Consider the following quotes from the previously referenced edition of Business Week:

"For better or for worse, then, the U.S. economy probably has to regard the death of equities as a near-permanent condition—reversible some day, but not soon...Even if the economic climate could be made right again for equity investment, it would take another massive promotional campaign to bring people back into the market...For investors, however, low stock prices remain a disincentive to buy [so much for buying on the dips]...Today, the old attitude of buying solid stocks as a cornerstone for one's life savings and retirement has simply disappeared."
And yet, seven months later, in March of 1980, the market embarked on the Greatest Bull Market of All Time.

Enronitis is a reasonably contained disease, and one whose lasting legacy will be the positive reform to the reporting process, already occurring via marketplace pressure upon all companies to come clean, rather than anything that will come out of Capitol Hill.
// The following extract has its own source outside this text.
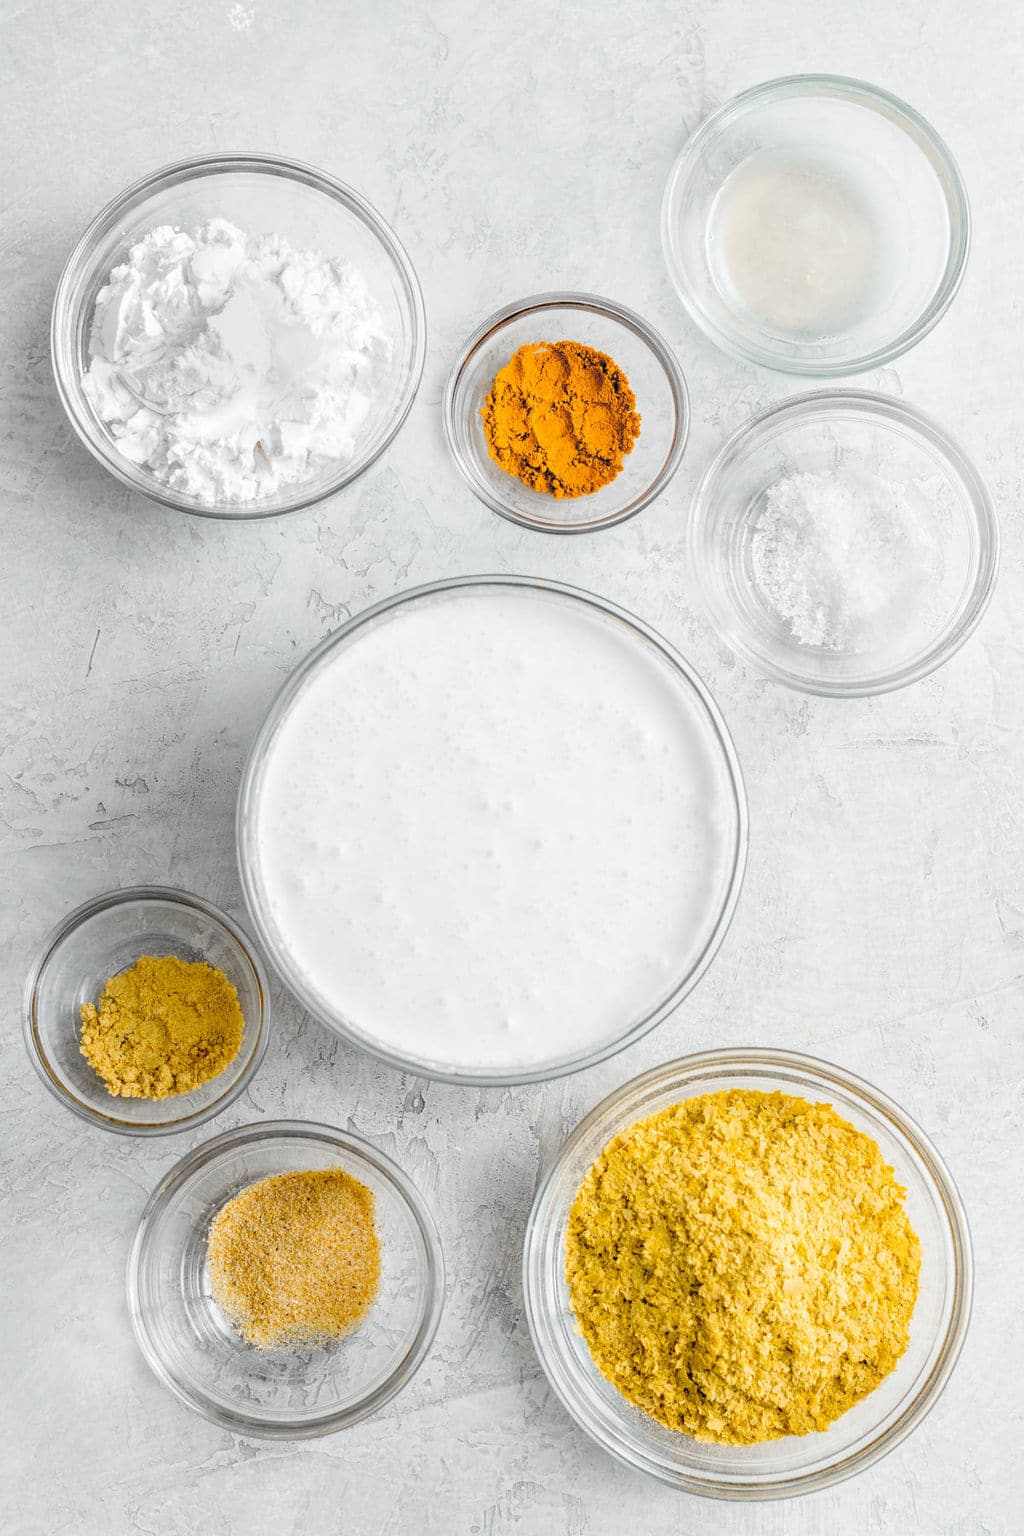 individual glass bowls filled with yellow seasonings, milk, and white powder.

The market isn't broken, and ultimately the growing despair won't result in significantly more money being withdrawn from the market—just enough to sap the market of supply so that marginal increases in demand for stocks, driven by evidence of a recovering economy, are met with disproportionate price increases. This elastic behavior defines a bull market.

While the rewards for riding out this latest bear market seem far off, and the despair may be unsettling, know that we've been here before, and we know this movie ends.

Chartered Financial Analyst William L. Valentine, IV, runs Valentine Ventures, LLC, an investment management firm of individuals’ assets, using global stocks and bonds. Valentine is also a contributing editor at Quicken.com, and a syndicated investment columnist.